At first blush, it might seem like good news that the BRICS (Brazil, Russia, India, China and South Africa) group would expand to include Saudi Arabia, Iran, the United Arab Emirates (UAE), Ethiopia, Egypt and Argentina. An 11-strong BRICS+ could be more representative of the world’s emerging economies, providing a useful counterweight against US hegemony.
Yet, in many ways, the announced enlargement represents a major lost opportunity. The world does not need more countries to fall under Chinese and Russian influence, or to align against the US, rather, it needs a genuinely independent third grouping to provide a counterweight against both the China-Russia axis and US power.

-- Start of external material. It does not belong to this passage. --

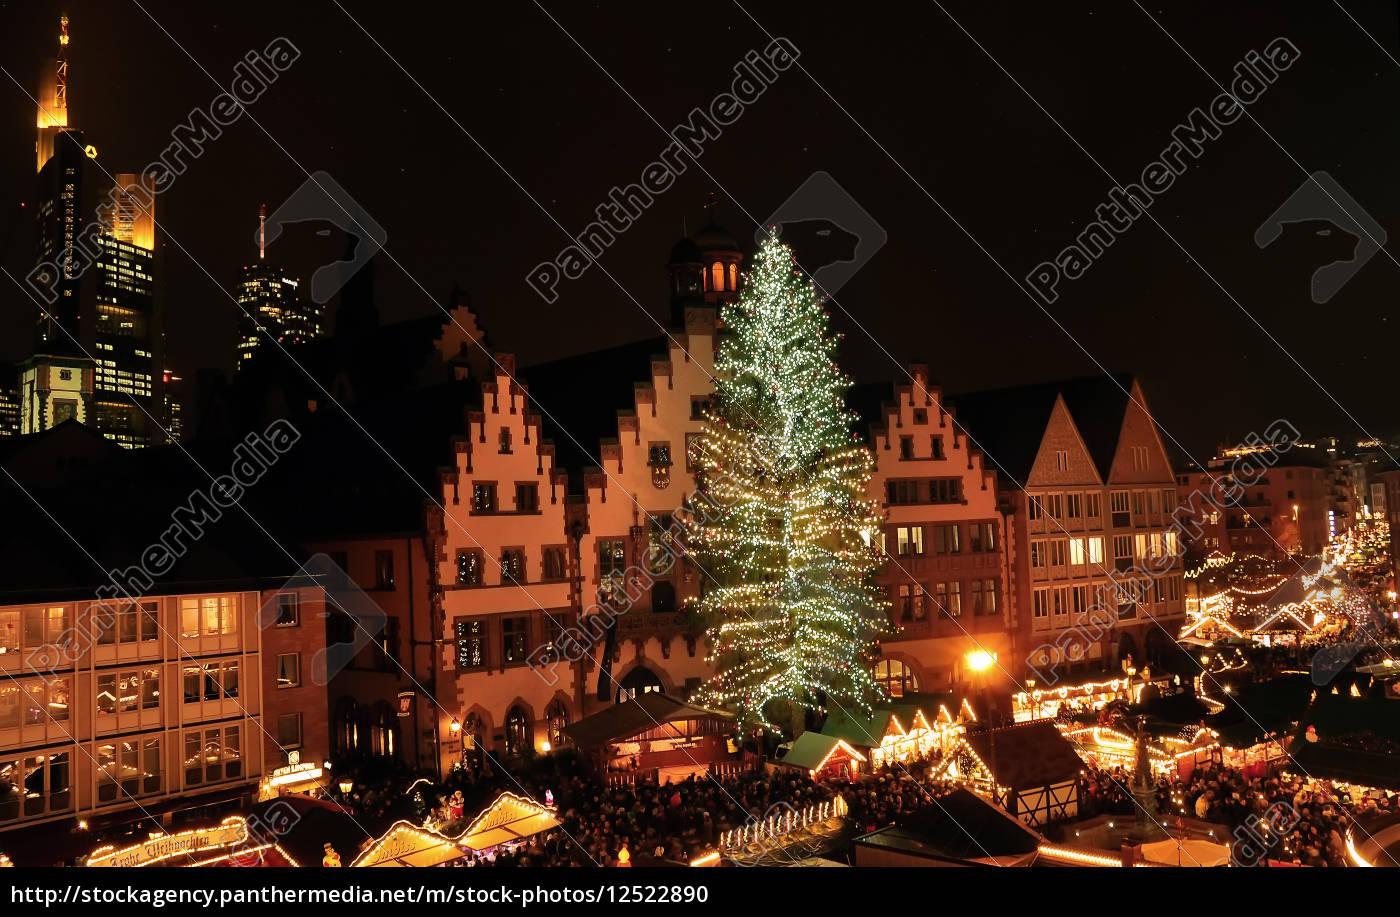 Frankfurter Weihnachtsmarkt.Stock Photo 12522890 Frankfurter Weihnachtsmarkt

Because the enlargement includes only countries that already have friendly relations with China, BRICS+ is poised to be merely another tool of Chinese diplomacy. Rather than representing the interests of emerging economies, it would allow for greater Chinese involvement in them. Most likely, this would come at the expense of their workers and people, as Chinese foreign investors tend to tolerate — or even encourage — corruption, reduced transparency and wasteful megaprojects financed with loans that cannot be easily restructured.
Moreover, adding Saudi Arabia, Ethiopia, Egypt, Iran and the UAE would turn the BRICS into even more of an “anti-democratic” club. Yet among the institutions that emerging economies most need to ensure their future economic and social success, democracy is high on the list. My own work with Suresh Naidu, Pascual Restrepo and James Robinson finds that democratization, historically, has equipped countries to achieve faster economic growth within five to ten years, reflecting increased investments in education, health and other public services.
By contrast, Chinese engagement tends to hamper democratization and even foment authoritarianism. With many emerging economies facing a “democracy crisis,” and with a growing number of countries experiencing weakening democratic institutions, the new BRICS+ threatens to pour fuel onto the fire.
Now that the Sino-American rivalry is intensifying — and potentially reshaping the world order — emerging economies increasingly need their own independent voice. After all, their interests are unlikely to be well served by worsening US-China relations and a reduction in their bilateral trade and financial flows.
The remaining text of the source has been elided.